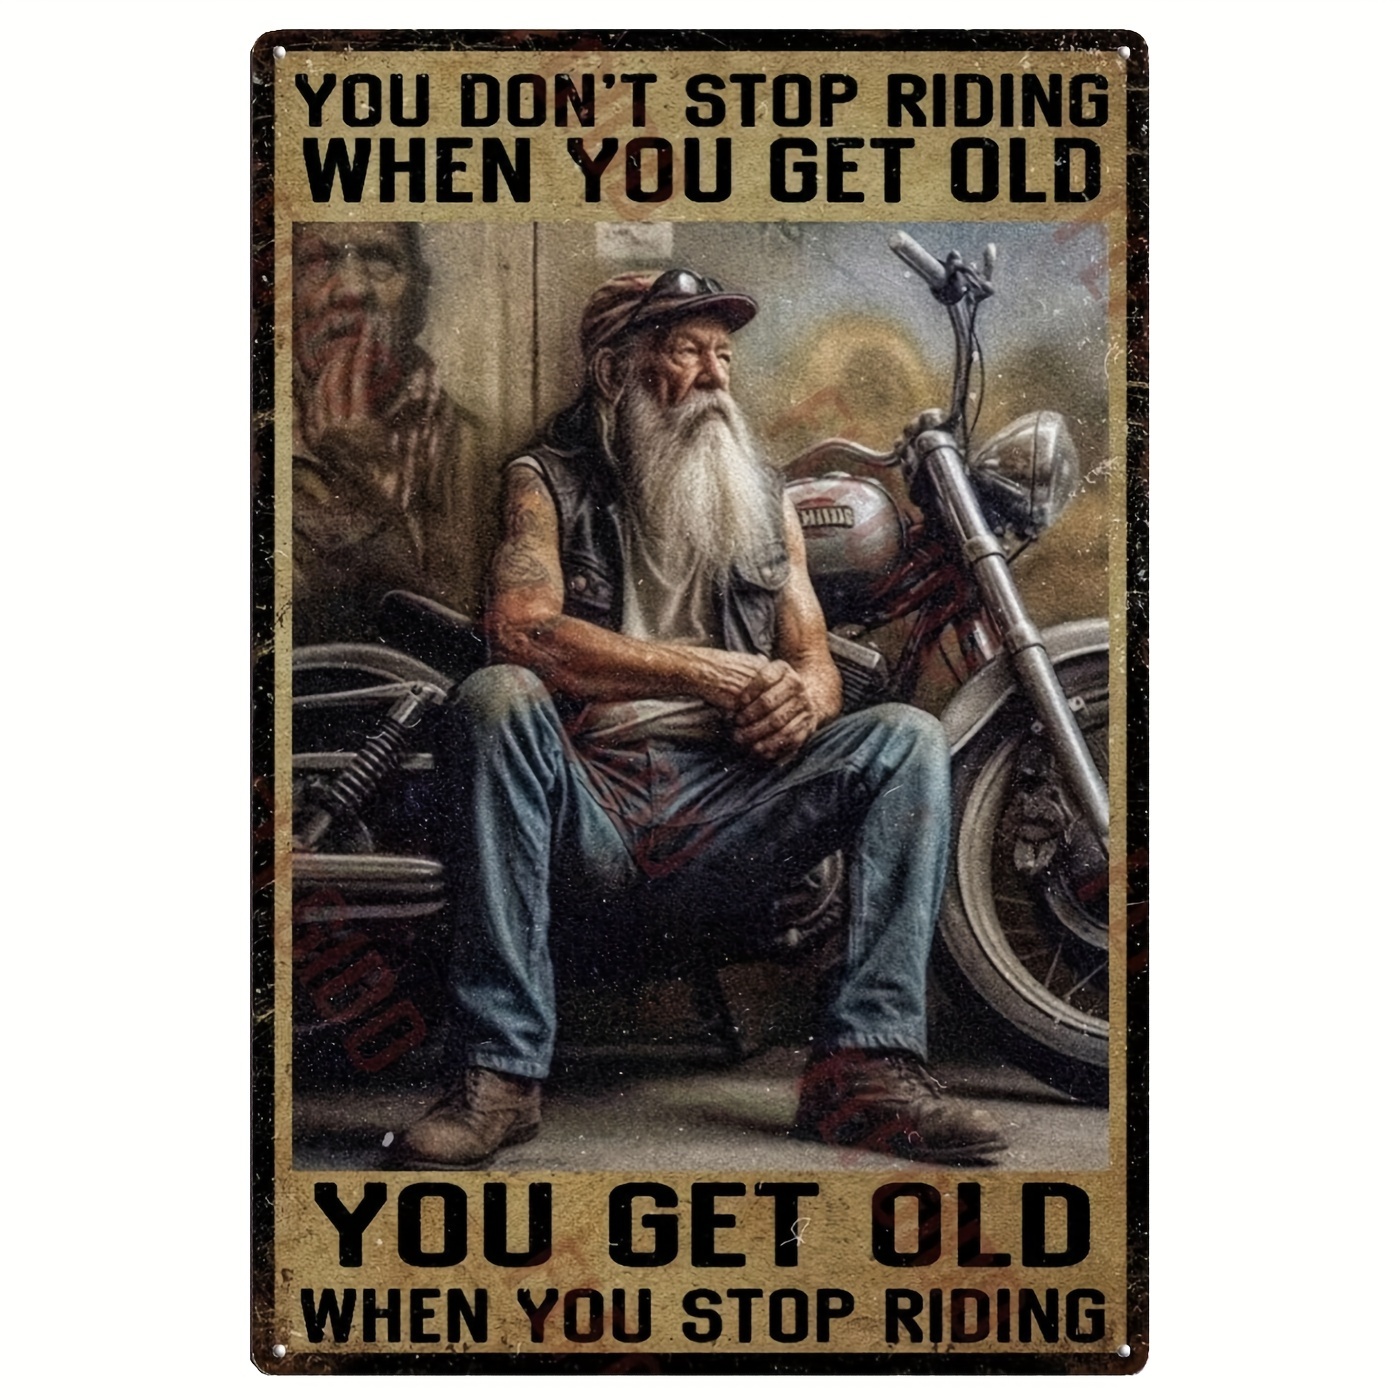 

Metal Tin Sign Motorcycle You Don't Stop Racing When You Get Old Tin Sign For Home Living Room Kitchen Cafe Bar Wall Decor 8x12inch
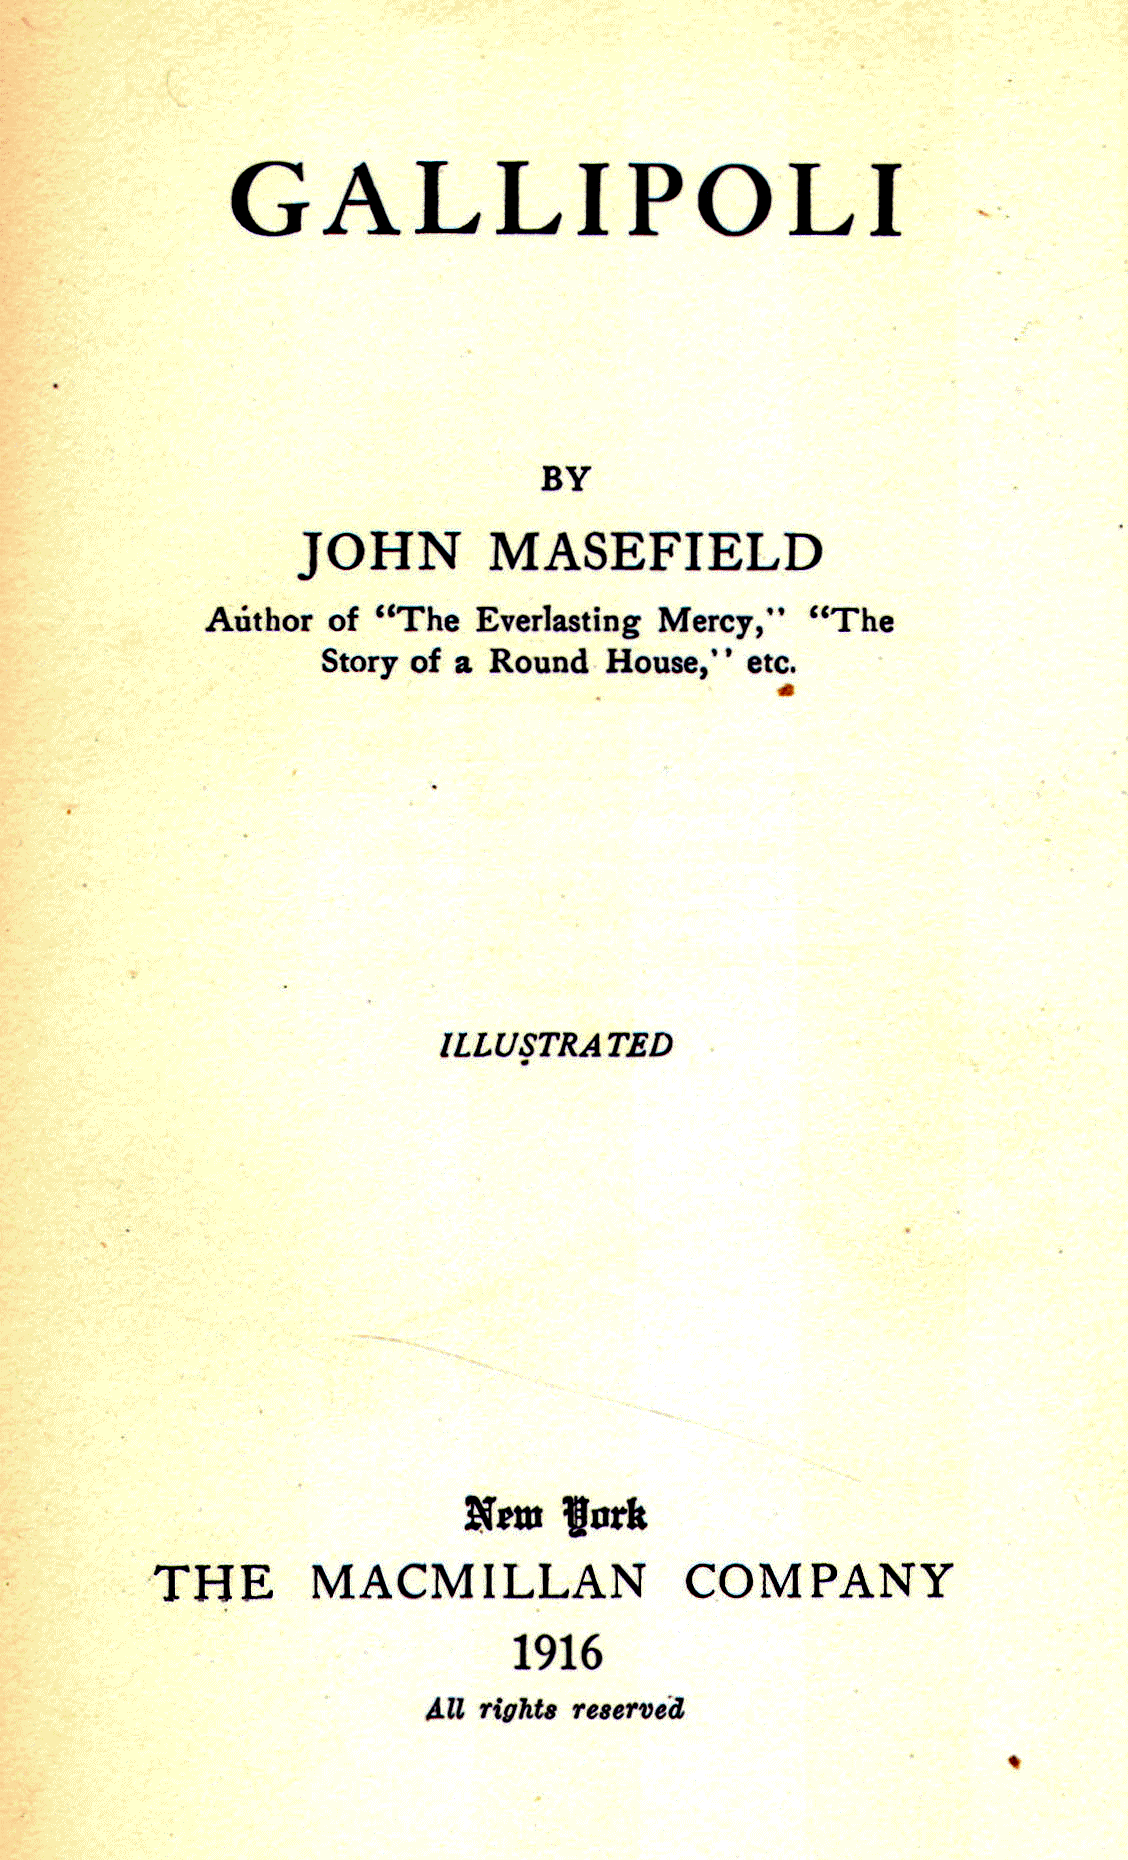 [Title Page] from Gallipoli by John Masefield
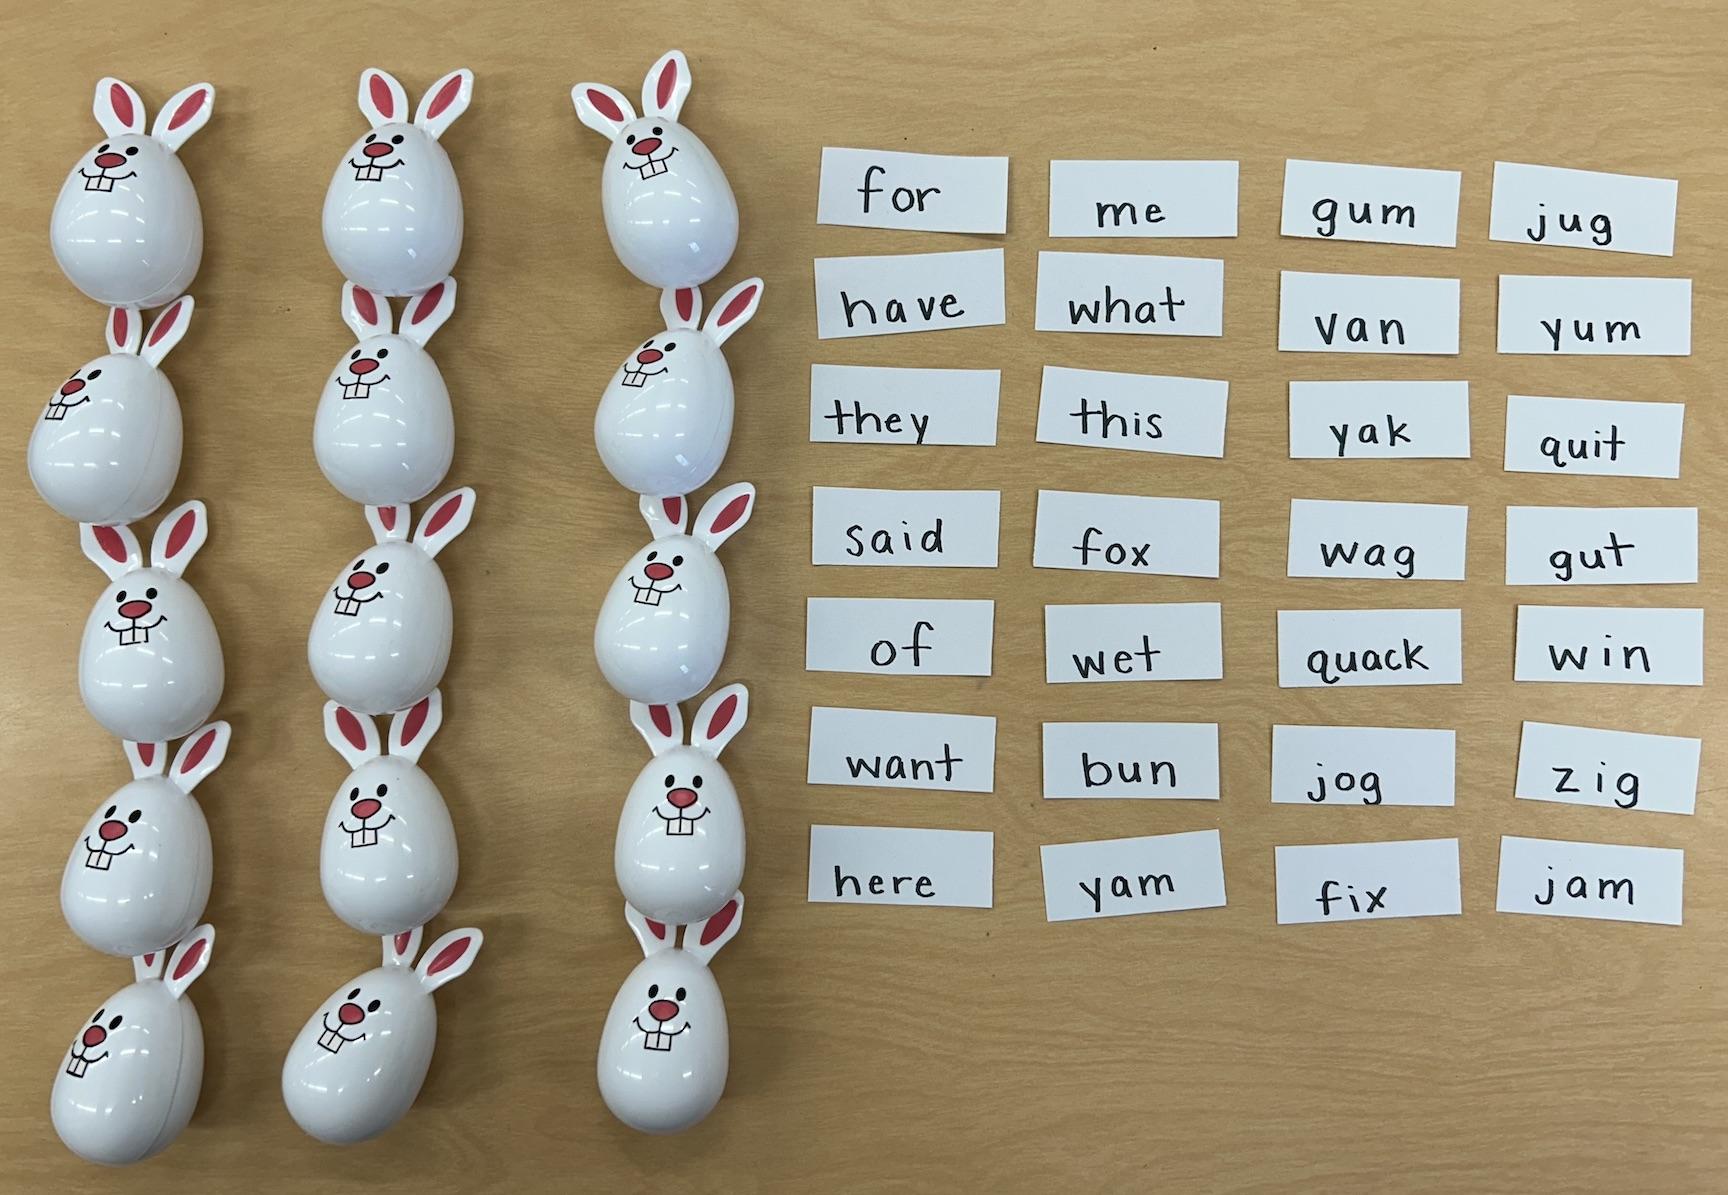 the bunny eggs with the words which were hidden inside

- **Task prompt**
Could you transcribe all of the data exactly and omit the pictures?

- **Answer area**
Metal Tin Sign Motorcycle You Don't Stop Racing When You Get Old Tin Sign For Home Living Room Kitchen Cafe Bar Wall Decor 8x12inch
 [Title Page] from Gallipoli by John Masefield
 the bunny eggs with the words which were hidden inside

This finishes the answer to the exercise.